REASONS FOR DECISION
[1] The appellants appeal a summary judgment award in the amount of $2,100,000, plus interest. At the conclusion of the hearing, we dismissed the appeal with reasons to follow.
[2] The dispute arises from the financial dealings of Arthur Artuso, the principal of Jaymat Limited (“Jaymat”), and Joseph Trichilo. Their dealings culminated in the execution of a promissory note on October 22, 2021.
[3] Mr. Artuso and Mr. Trichilo had been friends. Between 2018 and 2019, Mr. Artuso, through Jaymat, advanced large sums of money to Mr.

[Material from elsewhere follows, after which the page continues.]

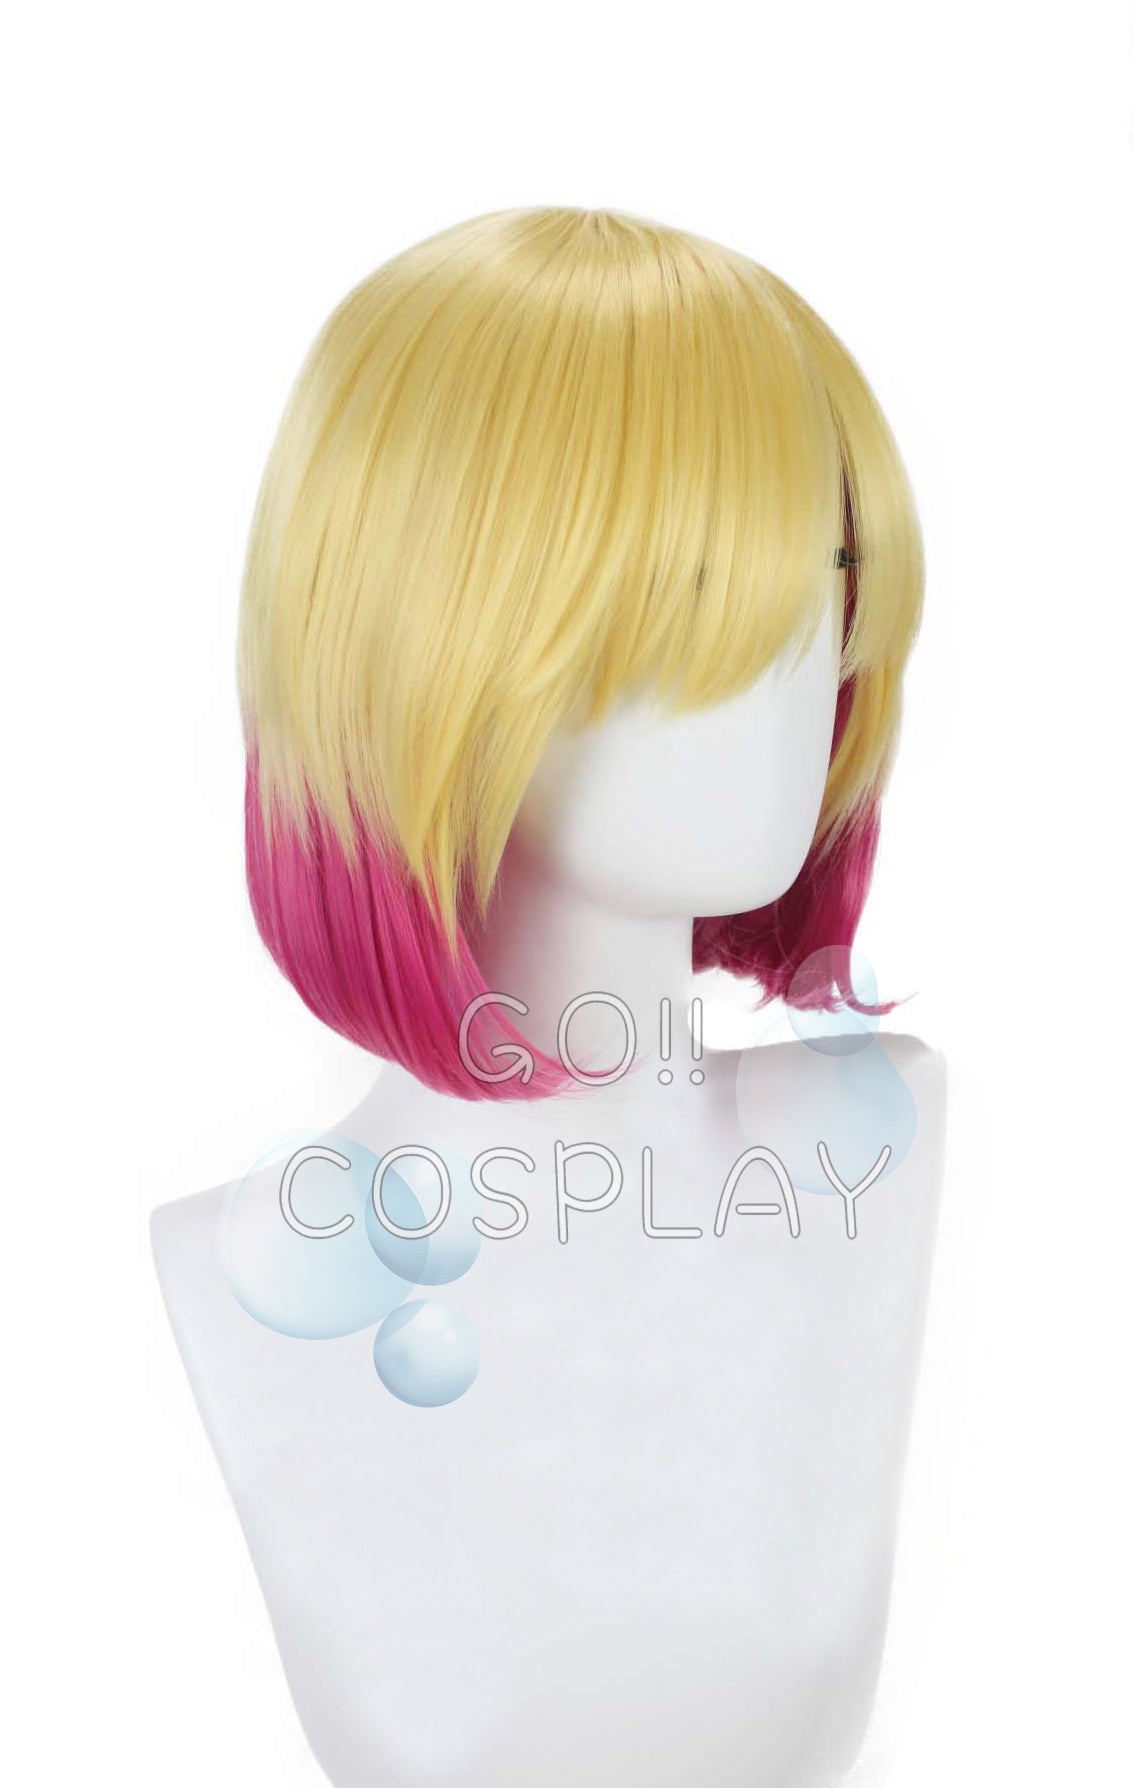 Gwenpool Cosplay Wig Buy

Trichilo and the companies he created to run his restaurants. This included a $500,000 bridge financing loan that enabled Mr. Trichilo to purchase a house in Florida. Only $15,000 of the funds advanced have been repaid.
[4] On October 18, 2021, Mr. Trichilo signed a sworn statement in which he confirmed that the monies advanced by Jaymat were loans. On October 22, 2021, he signed a promissory note, in the amount of $2,100,000. The motion judge found that he signed on his own behalf, and on behalf of the corporate appellant. The appellants defaulted and Jaymat sued on the promissory note.
[5] Mr. Trichilo acknowledged that the bridge financing loan and another personal loan in the amount of $33,000 are owed to Jaymat. However, he maintained that the rest of the advances were investments in his restaurant business. Mr. Trichilo claimed that he was “tricked” into assuming personal liability for the debt under the promissory note, a claim rejected by the motion judge. The motion judge found that the promissory note was enforceable against both appellants (less $35,000, an amount that was not specifically pleaded in the amended Statement of Claim).
[6] The appellants submit that the judgment resulted from procedural unfairness because the motion judge decided the case on the basis of a theory that was not advanced by any of the parties in their pleadings, evidence, or submissions. This theory concerns how the parties characterized the nature of the advances prior to the execution of the promissory note. The motion judge made the following findings:
It is clear that the inchoate nature of the advances was left up in the air for many months, and indeed years, after the monies were advanced.
Nothing turns therefore on Artuso’s proposition that the advances were always intended to be loans. The evidence is clear that the parties did not initially agree on the legal basis on which the monies had been advanced. Artuso and Trichilo were both content with that ambiguous situation while they were still friends and the business storm clouds had not yet formed . [Emphasis added.]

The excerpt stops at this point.